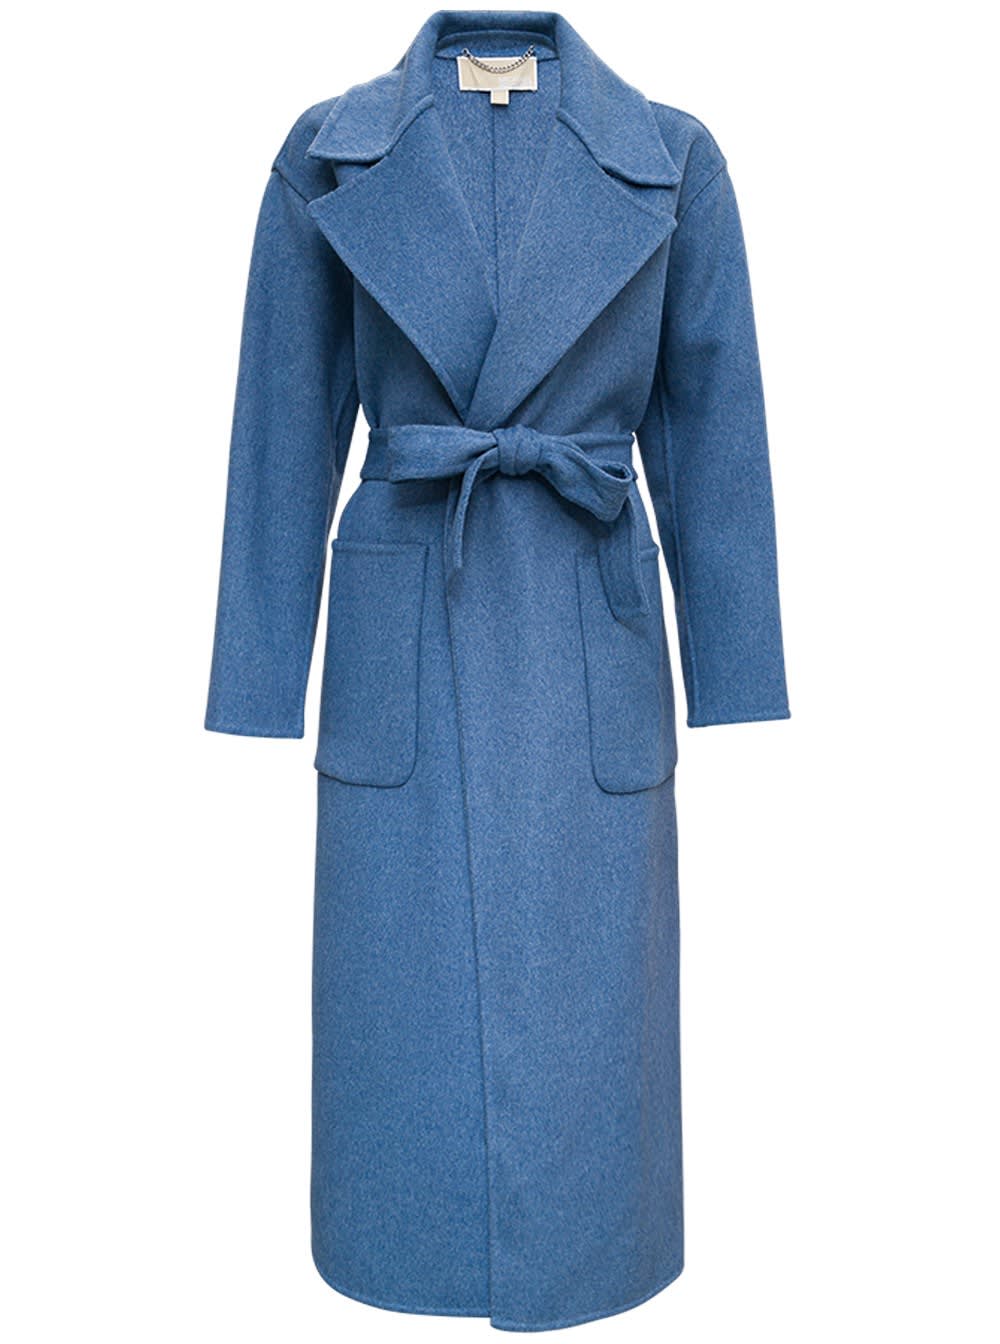 Michael Kors Blue Wool Coat With Belt
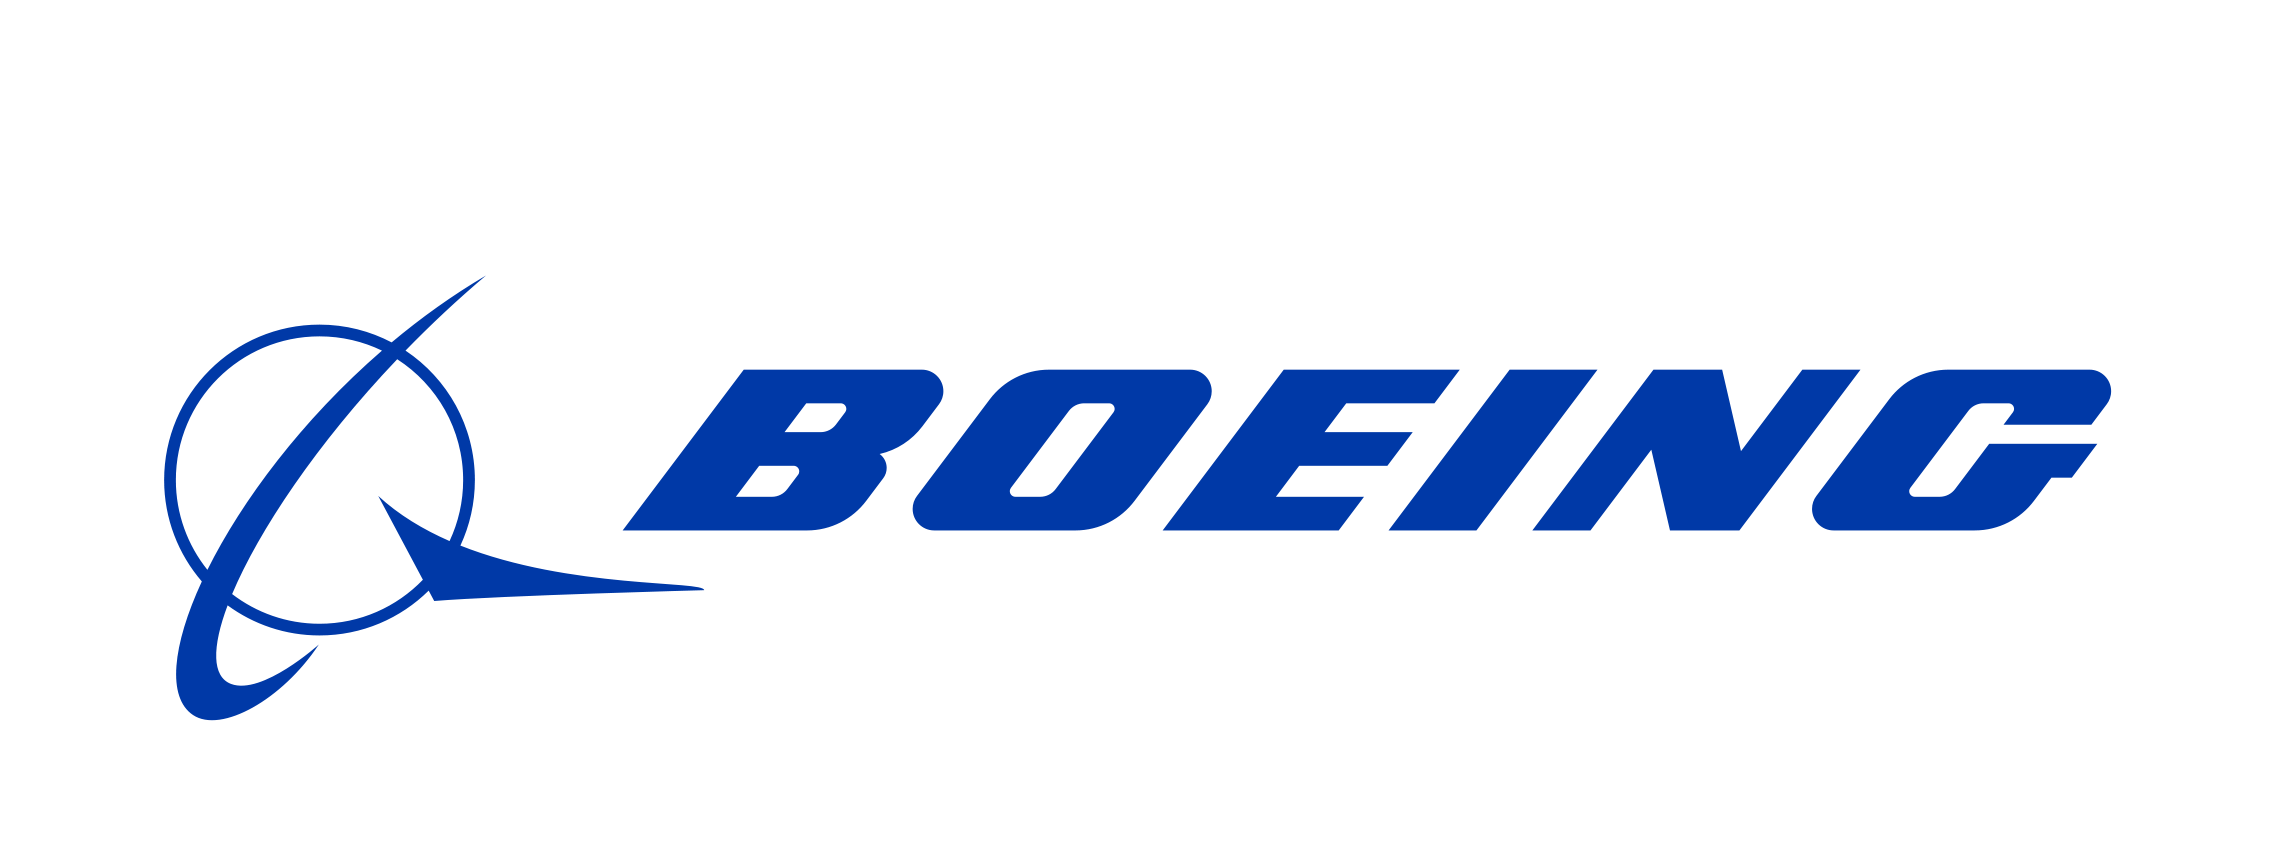 CDG Boeing Logo - Boeing: Boeing India - Home
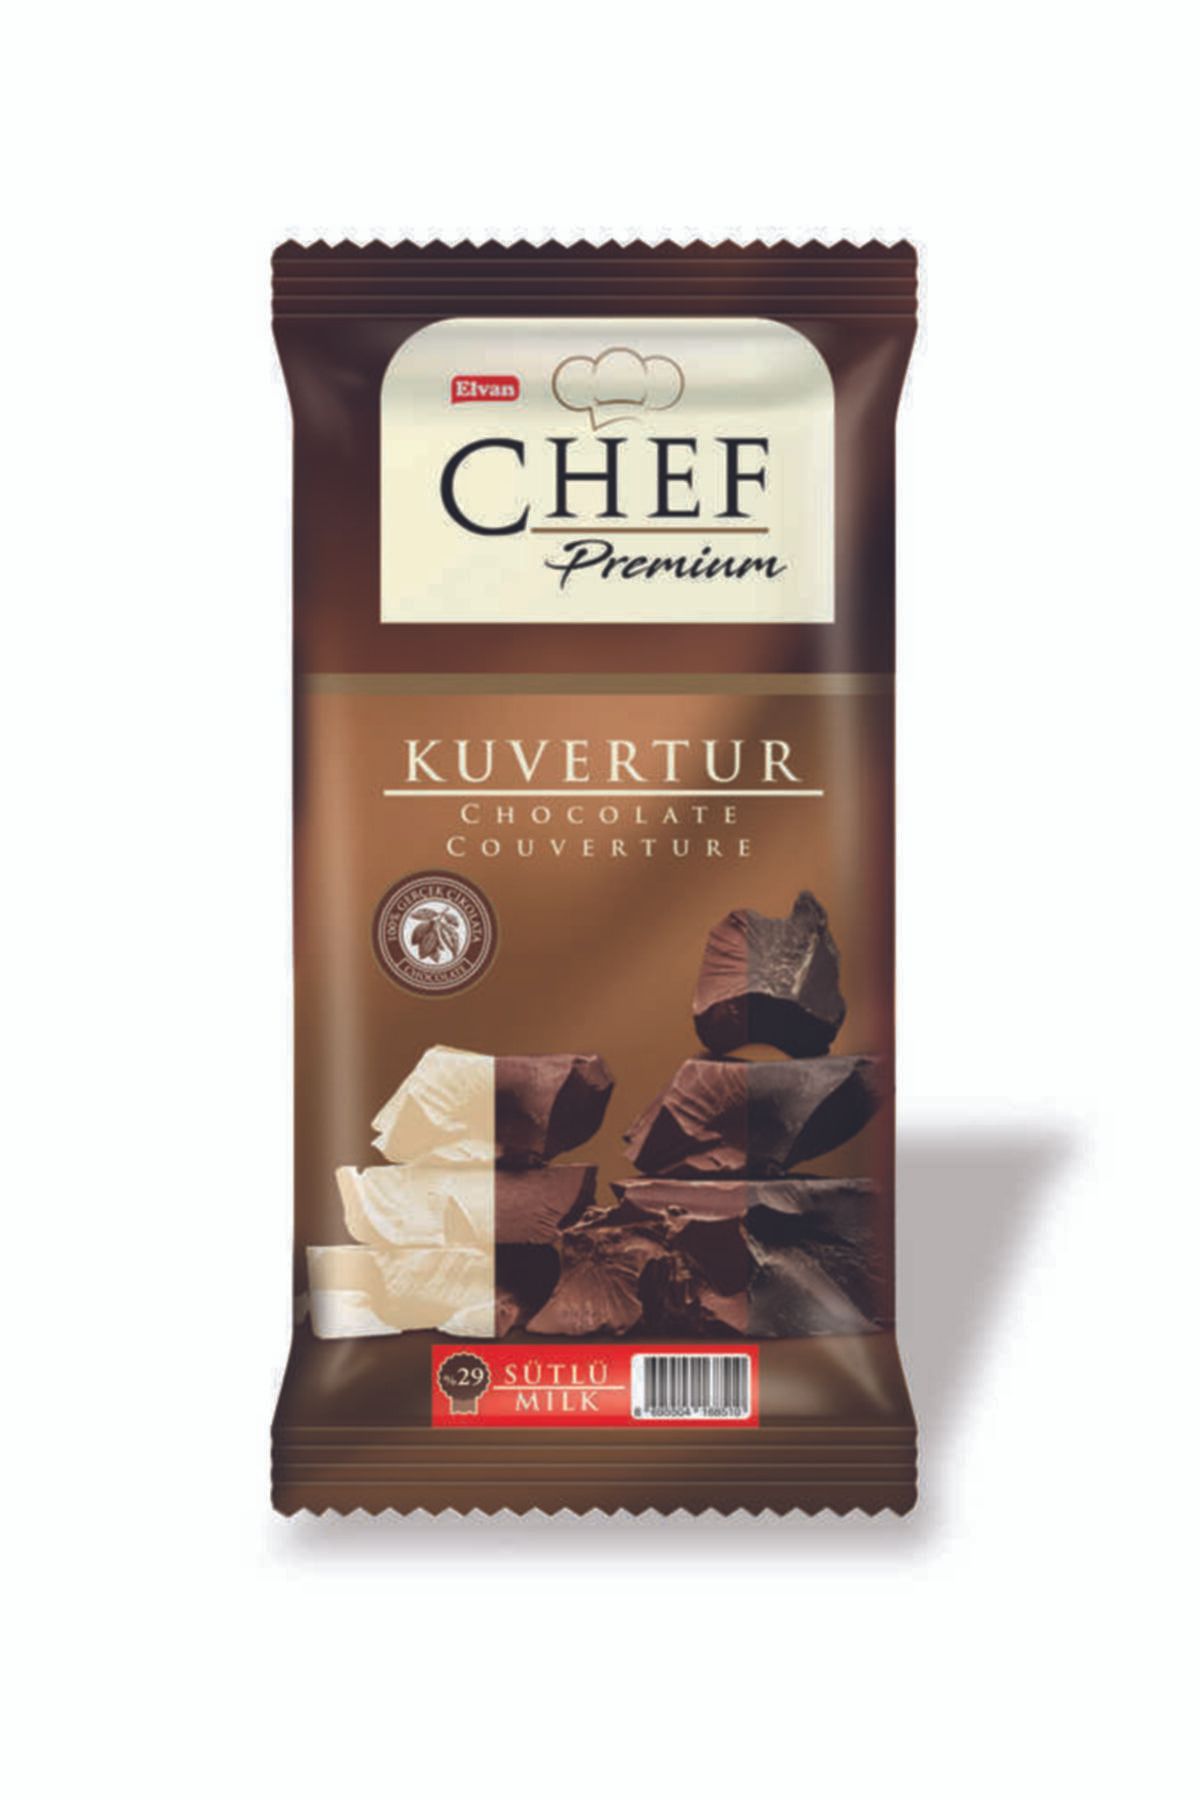 Elvan Chef Premium Yüzde 29 Sütlü Mini Kuvertür 200 Gr. (1adet)
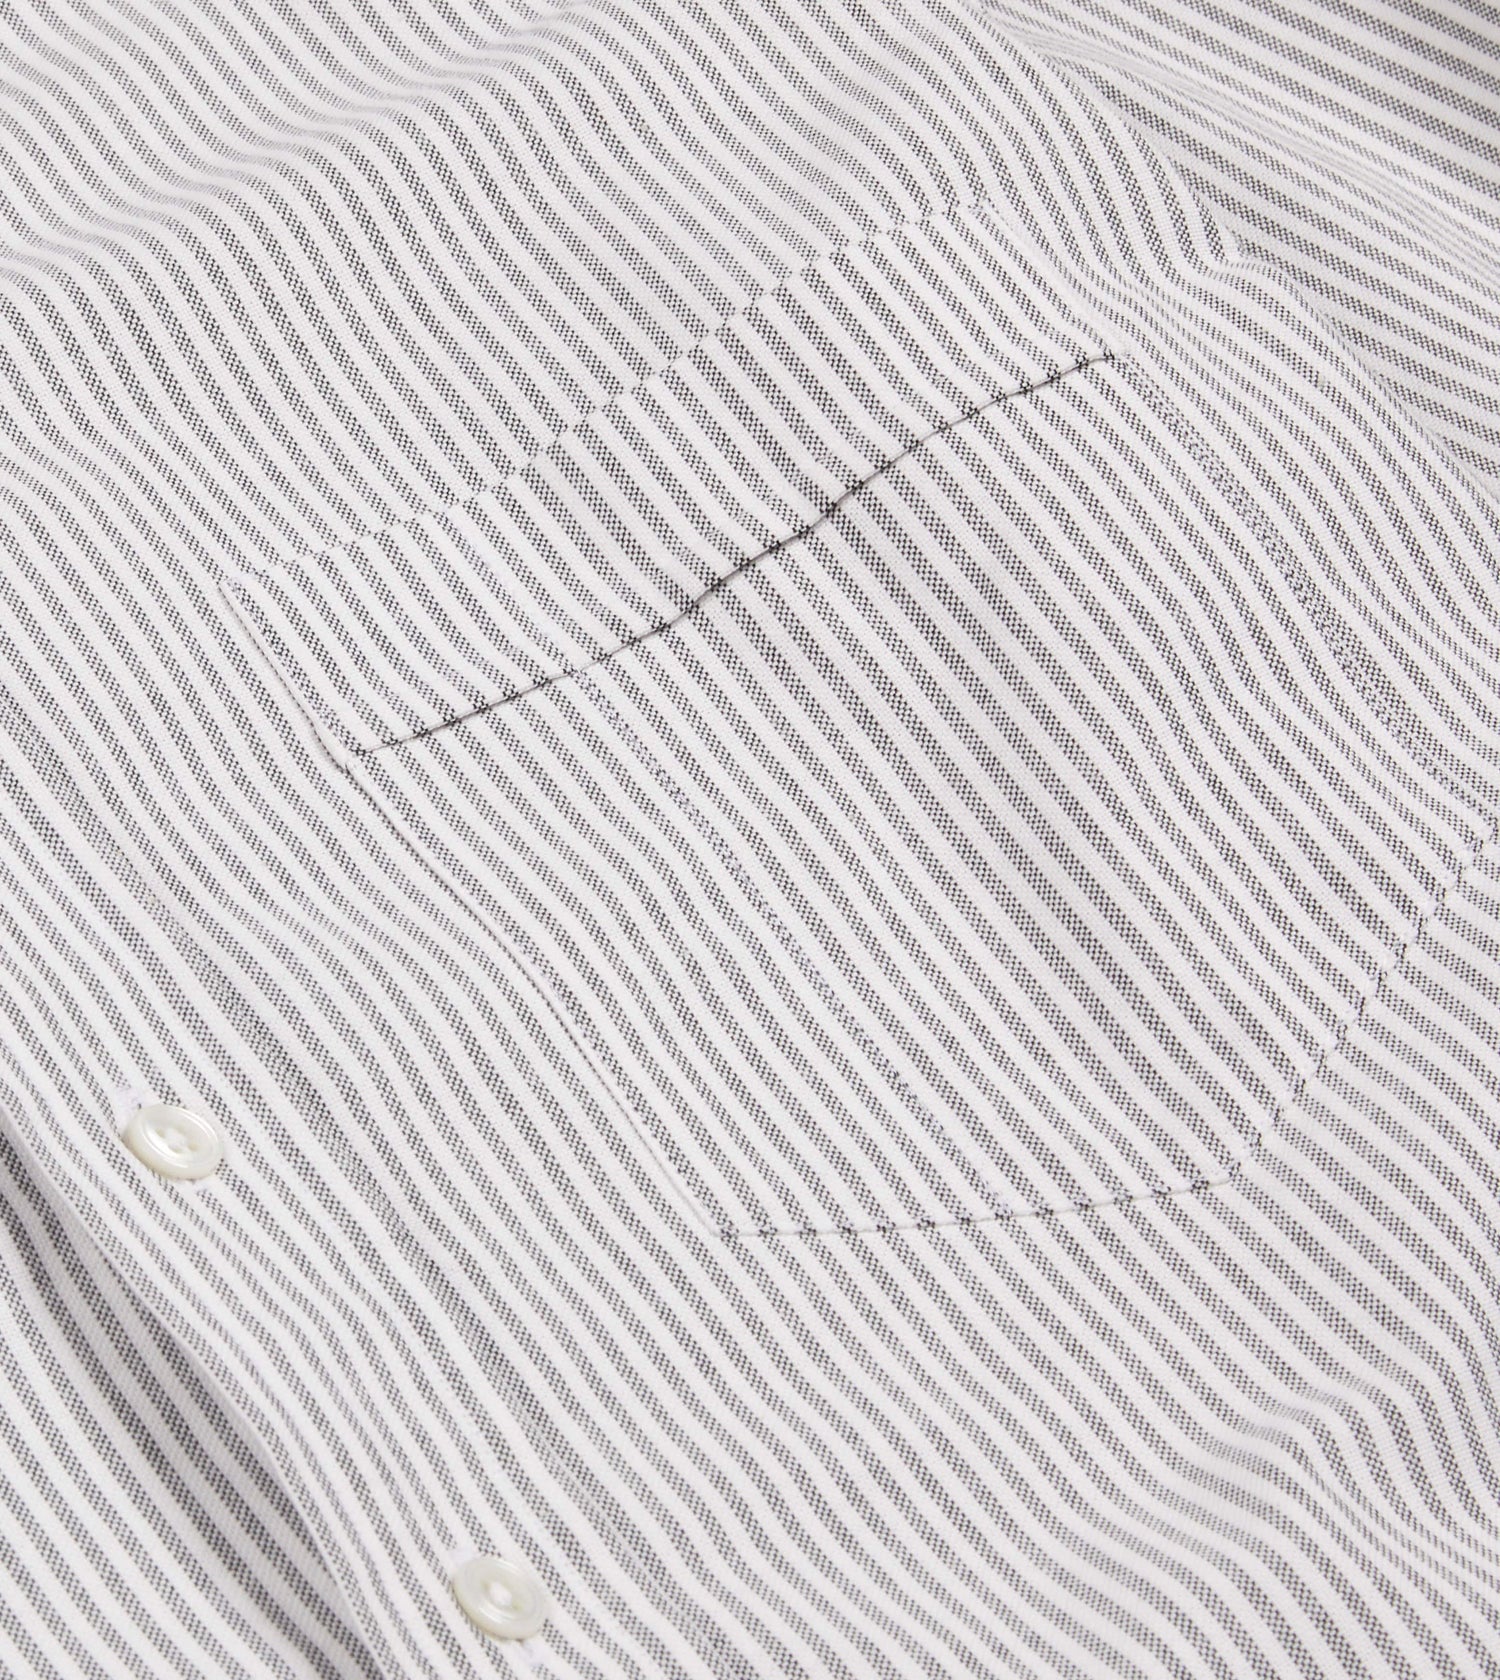 Black Ticking Stripe Cotton Oxford Cloth Button-Down Shirt

What the task asks: All of the data must be repeated exactly, except for the pictures.

Exercise output:
 Michael Kors Blue Wool Coat With Belt
 CDG Boeing Logo - Boeing: Boeing India - Home
 Elvan Chef Premium Yüzde 29 Sütlü Mini Kuvertür 200 Gr. (1adet)
 Black Ticking Stripe Cotton Oxford Cloth Button-Down Shirt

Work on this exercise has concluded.